July 29, 2020 by Robert Franklin, JD, Member, National Board of Directors
This piece comes to us from the Sacramento County Department of Child Support Services (Spotlight, 7/2/20). As such, its chirpy, “all is well” tone is only to be expected. The countless problems of the child support system won’t get an airing on that site or any like it.
Still, the article does offer an important tidbit.
For many years, I’ve wondered why so few custodial fathers have a child support order in effect. The U.S. Census Bureau’s latest compilation of data says that just 41.4% of those fathers have such an order. That’s compared with 51.4% of custodial mothers who do. More telling is the fact that it’s the highest rate recorded by the Bureau in 26 years. The low, 28.8% came in 2011.
So why do dads tend so strongly to not have a support order?
One answer I’ve come to is that, when fathers manage to wrest custody from intractable family court judges, it’s often because Mom is seriously deficient in some way as a parent. She’s addicted to alcohol or illicit drugs, she’s in prison, she abuses the children, etc. Needless to say, such people are unlikely to have much in the way of resources with which to pay support, so the dads don’t even try. They raise the kids as best they can alone.
But the linked-to piece adds to our understanding. It reports on a young man named Alec Poe, who became a custodial father at age 18. At first, Mom didn’t have a job, so he didn’t seek a support order. But once she got one, he did. Still,
“The biggest obstacle in his path was the sense of shame he felt about pursuing a child support order.
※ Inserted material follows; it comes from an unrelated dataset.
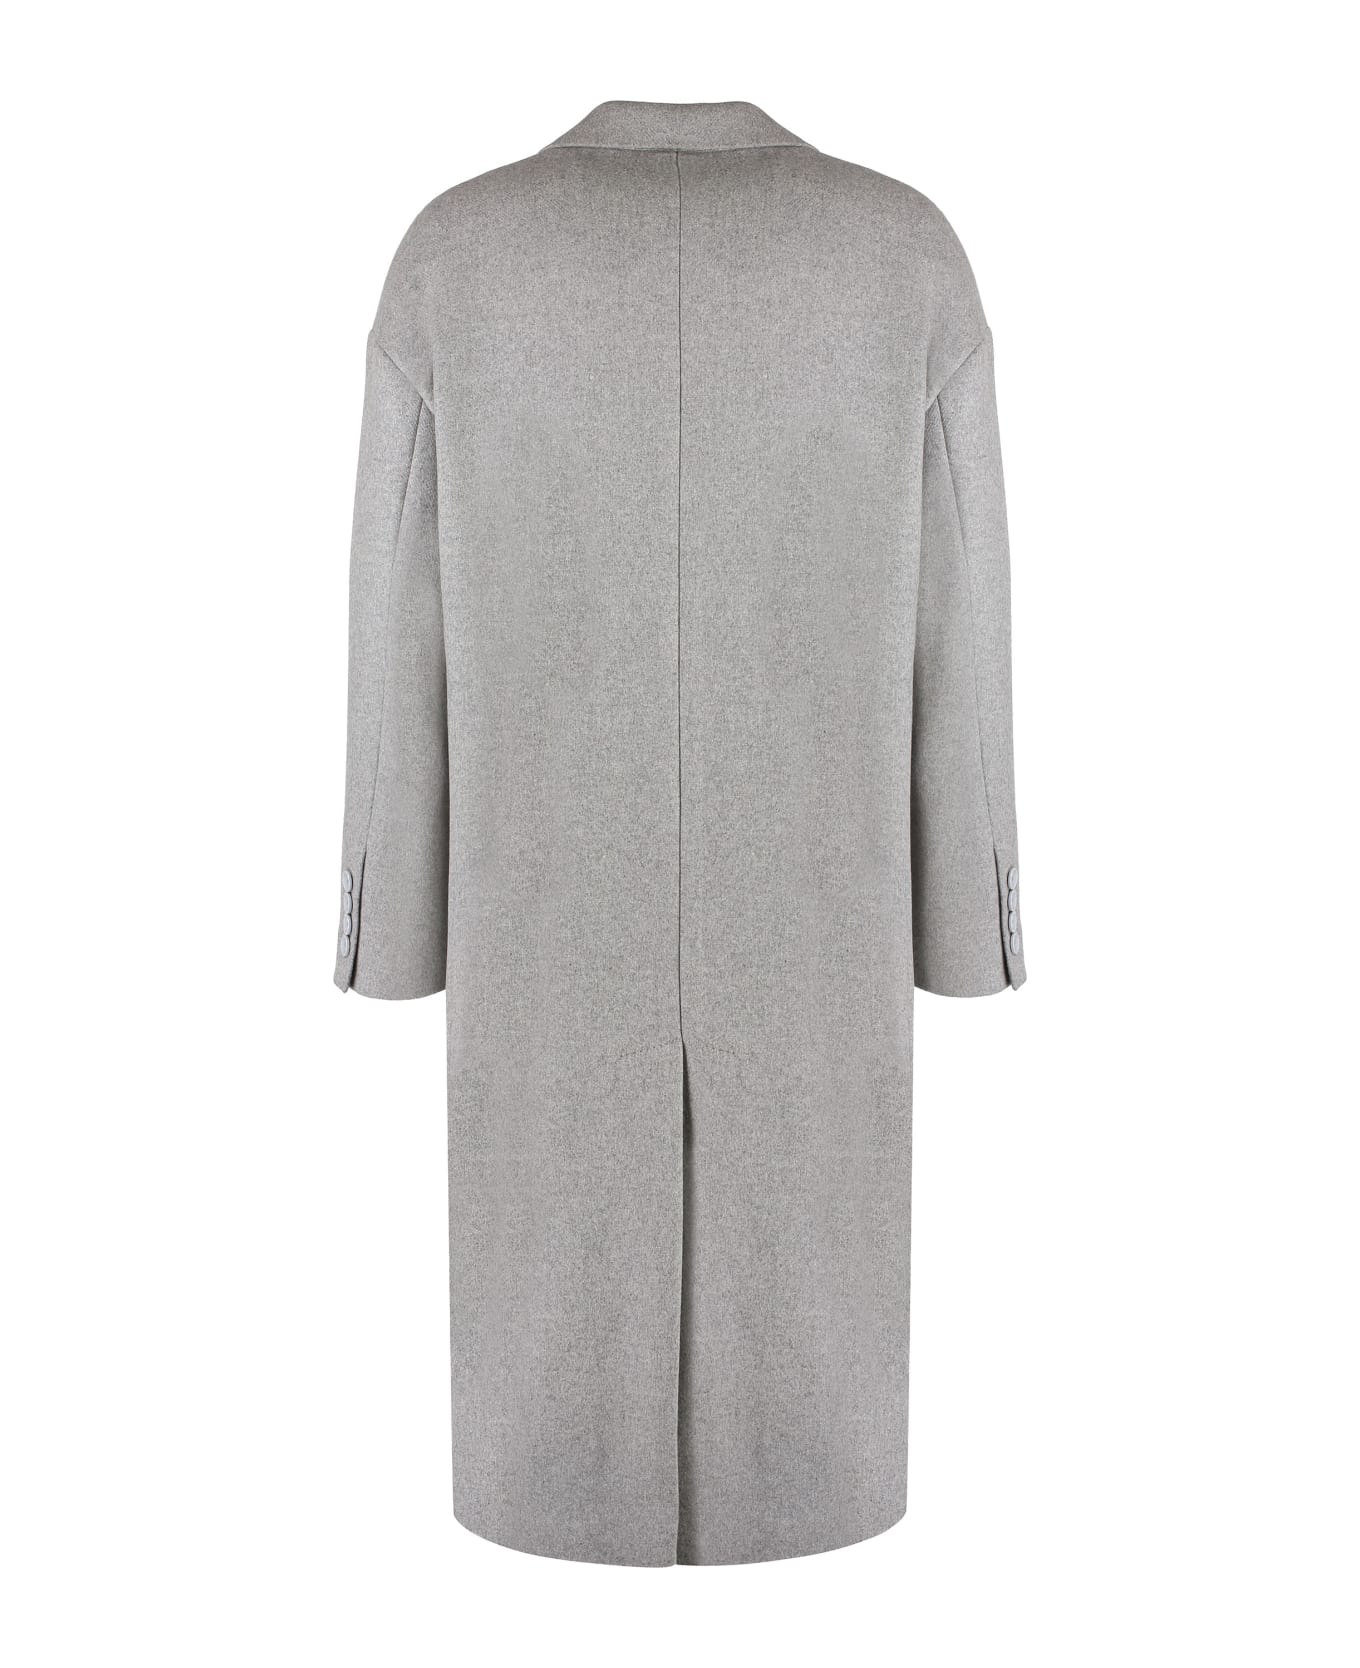 Dolce & Gabbana Wool Blend Coat - grey

“For men, there is a stigma that we shouldn’t take money from the mother,” Poe explains. “Pride is an issue and there is a stigma for men receiving child support from the mother. We have these assumptions that we won’t get anything. I never went and pursued it because I didn’t think that I would get anything.”
That makes sense. Given that, I suspect that a good number of custodial fathers don’t seek support from the mother of their children because it’s not considered manly to accept support from a woman, even one who legally owes it.
And that matches nicely with a welter of other information that strongly suggests that our traditional sex roles are very much still with us, that men still act like men and women like women, despite decades of hectoring to do otherwise.
That’s nowhere more apparent than in men’s and women’s differing approaches to financial support for their families. As many sources tell us, when a couple have children, men tend strongly to work and earn more than before and women tend to do the opposite. That also appears in the data compiled by Dr. Catherine Hakim, who found women to be far more interested in family and children than in working and earning. Men were the opposite.
So Alec Poe’s statement comes as no surprise. Men, including fathers want to be self-sufficient financially and they want to be the resource providers for their families. They want to bring home the bacon and perceive themselves as doing so. And if that means not asking a judge to issue an order of child support, then so be it.